Tuesday, April 16, 2013

Nurses



I had excellent nursing care each of the three times I had a baby.  I have also worked with nurses in a residential facility for adults with mental retardation and developmental disabilities.  And, as I have not yet been involved in a play that starts with the letter "N", I could not have come up with a better topic for today.

The first time was in 1996.  I went into the hospital for a stress test on a Friday afternoon.  My blood pressure had been giving me fits and the doctor said it would be best to just keep me there and induce delivery.  Saturday morning at roughly 9:00 a.m., my water broke.  I called a nurse and she said, "Well let's just check."  I'm sure they would have had to check anyway, but I kind of took it as, "You're not a professional ..."  I was a first-time mother-to-be, older than most, and scared as all ... um, get out, yeah, that's the word.  Most of the time I did not even know I was in the same room.  Sunday morning, shortly after 5:00 a.m., our little son was born.  After the main event, my first question was, "WHEN CAN I EAT?" I had spent nearly two days consuming nothing but ice chips and this mama was h-u-n-g-r-y!  A nurse offered to help me get out of bed and walk to the shower and called my husband over to get on the other side.  I was all like "I can do this."  About one second after my feet hit the floor, I found out that I was very, very wrong.  And the nurse didn't even snicker.

The second delivery was in Texas in May of 1998.  By that time there had already been numerous 100 degree plus days.  We lived in Fort Worth and my doctor was in Arlington.  On Memorial Day, I started feeling "puny", as one of my husband's uncles calls it, so we went to the ER of a local hospital.  My blood pressure was 191/109.  They decided to keep me for observation.  Several  hours later, they decided to induce.  I couldn't get an epidural this time, because of a squirrely test  result.  And, since it was Memorial Day, there was no one in my doctor's office.  Those poor nurses.  I know I said a few things that I can't reprint here.  My poor husband.  I dislocated one of his fingers from squeezing his hand so hard, and have absolutely no recollection of it whatsoever.  And I should've bought that post-op nurse a new pair of shoes, because I'm sure she wore holes in the ones she had bringing me juice whenever I was thirsty.

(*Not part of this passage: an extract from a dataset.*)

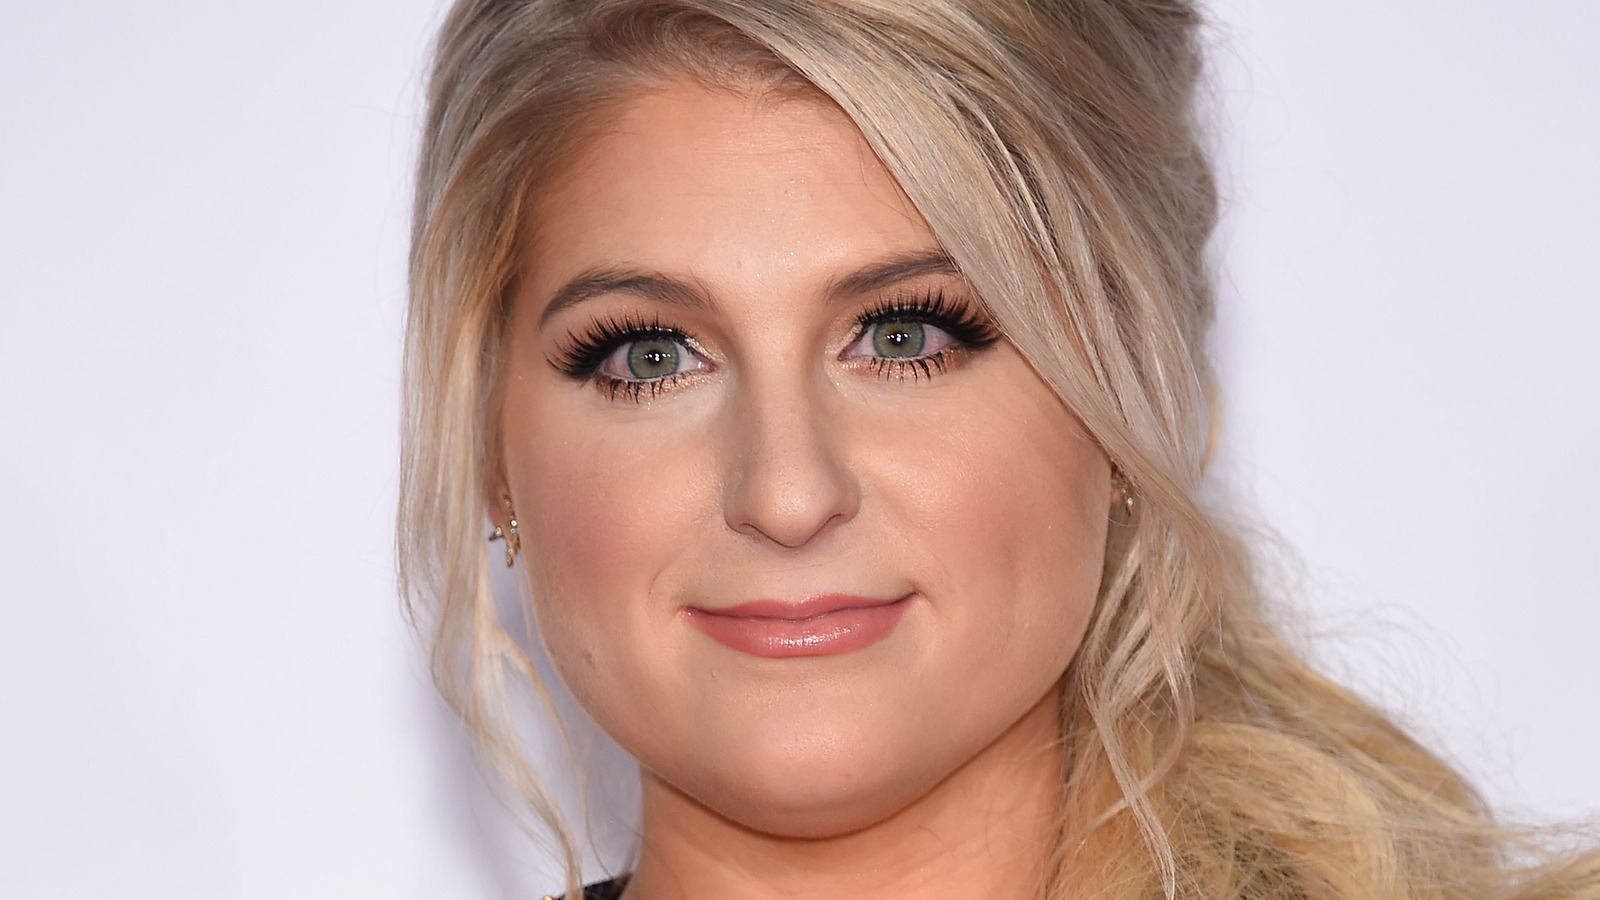 Meghan Trainor Stars in Super Bowl Commercial for Pringles While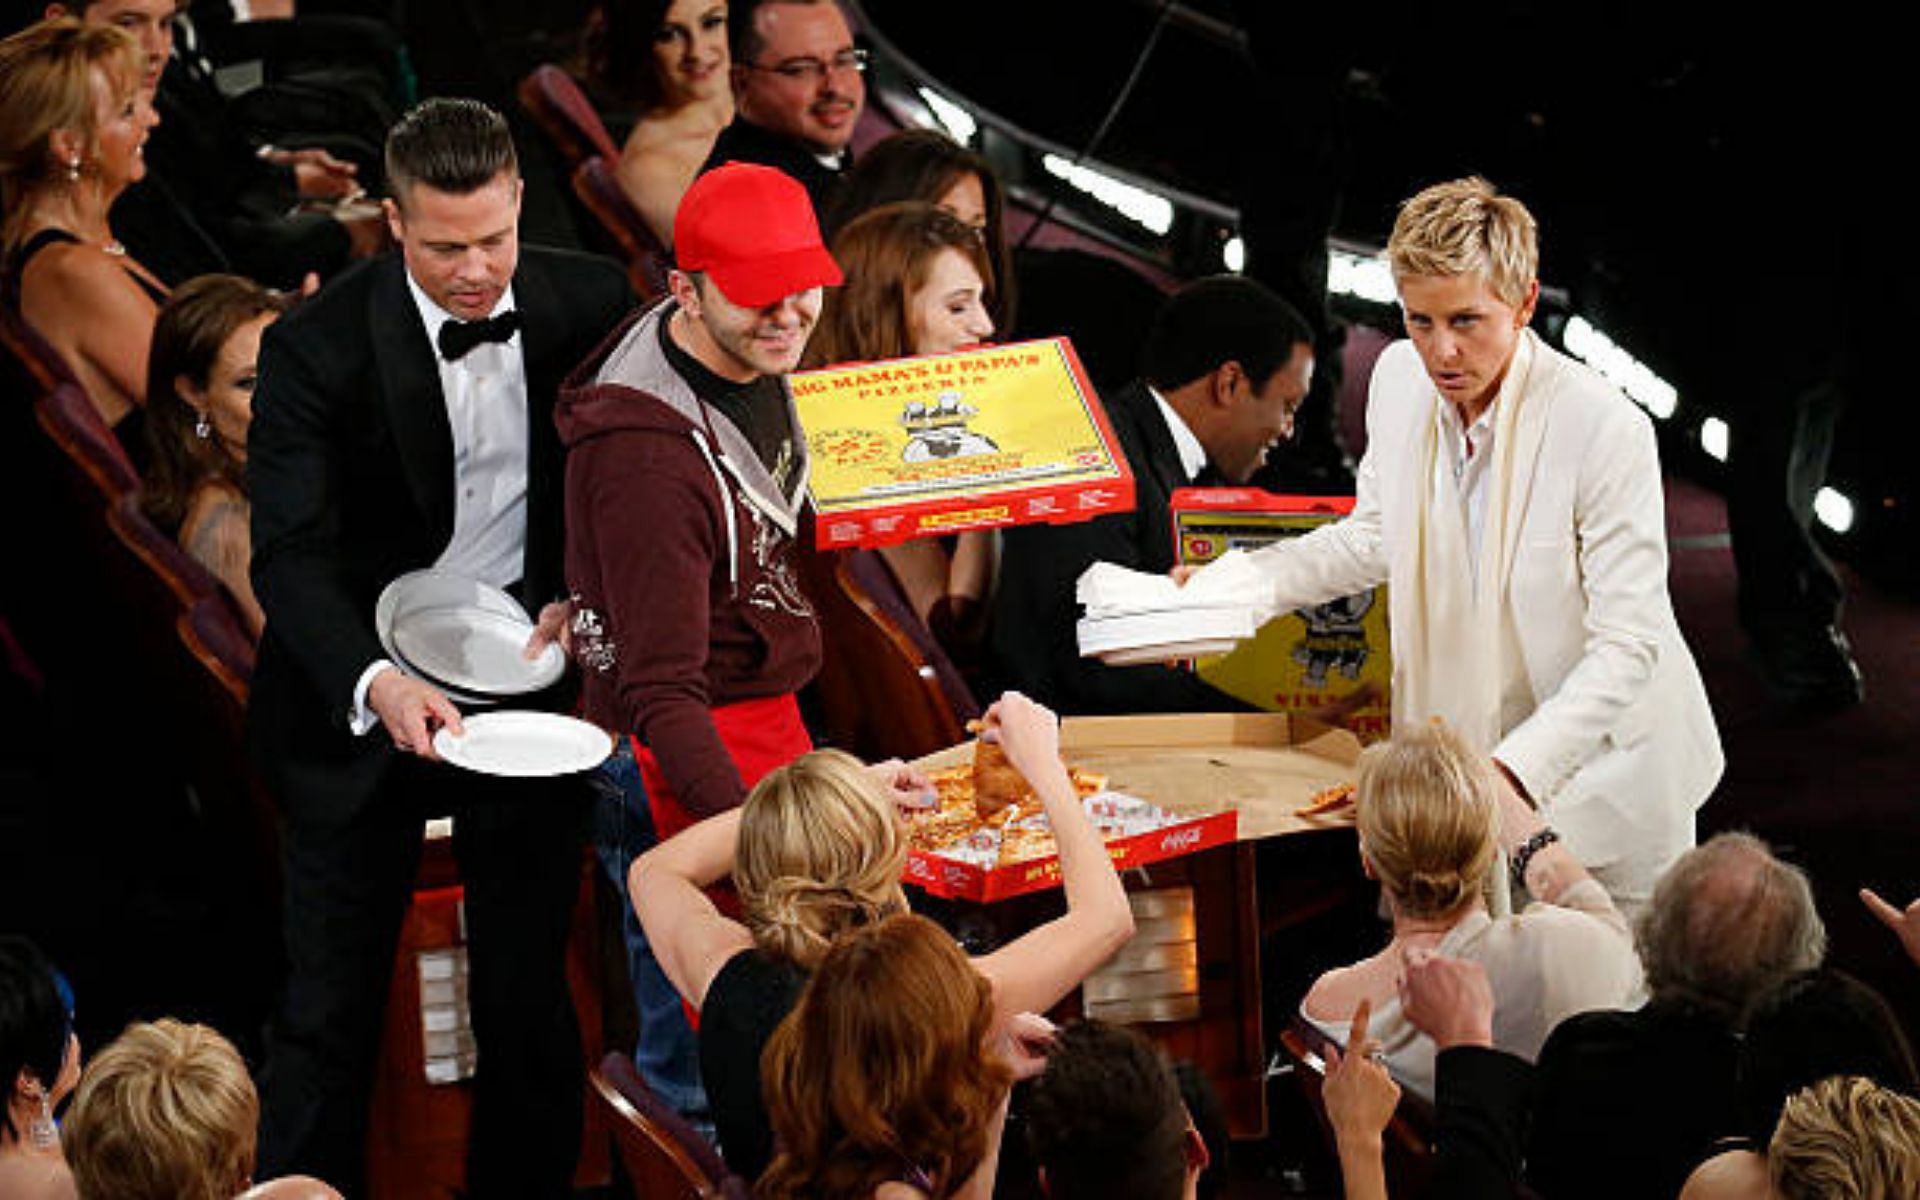 Ellen DeGeneres sharing pizza with celebrities at the 86th Annual Academy Awards (Image via Getty Images)

The third and last baby arrived two months early in February 2003.  I went into one hospital; they transferred me to another one with a bigger NICU by ambulance.  Thirty minutes after I arrived, I went into surgery for an emergency c-section.  I was in maternity and my baby was in NICU, two floors below.  I was able to go down the day after (in a wheelchair).  There were big tub-like hand-washing basins at the entrance to NICU.  Our daughter was in "room 3" of four rooms, with the higher numbers being more serious cases.  I could only stick my hand in through a little hole and touch my baby.  One nurse had two babies to look after, so they got excellent, excellent care.  I do cringe however, even now when I think of  the poor nurse that had to clean up after me, as while we were leaving, I tossed every cookie I had ever eaten into one of those big tub wash basins.  When, two days after the delivery, I had such a bad migraine headache that I had to have someone pull the blinds and keep the room dim, a nurse gently reminded me that the morphine drip was at my control and that I could get a dose if I was in pain.  And the angel who came to take out my metal staples kept up a steady stream of soothing words while she worked ... I hardly felt a thing.

I literally cannot say enough about the nurses with whom I worked, women and men both.  They had all the pressures of any nurse, plus some related to the population whom we served.  And the administration?  Don't even get me started.  Come to think of it, these brave people deserve their own post someday, and this one is too long already.

What I've been trying to say is that nurses have extremely demanding and stressful jobs.  If you know one well enough to give them a hug, do it.  If you don't know one that well, give them a "thanks" and a handshake.  Believe me, they deserve it.

1 comment:

  1. This is a lovely tribute to the kindness, compassion, and professionalism of the nurses who supported you through your three deliveries. Nurses work so very, very hard, and they have to put up with astonishing amounts of crap (I'm speaking figuratively, but it's probably true on a literal level, too).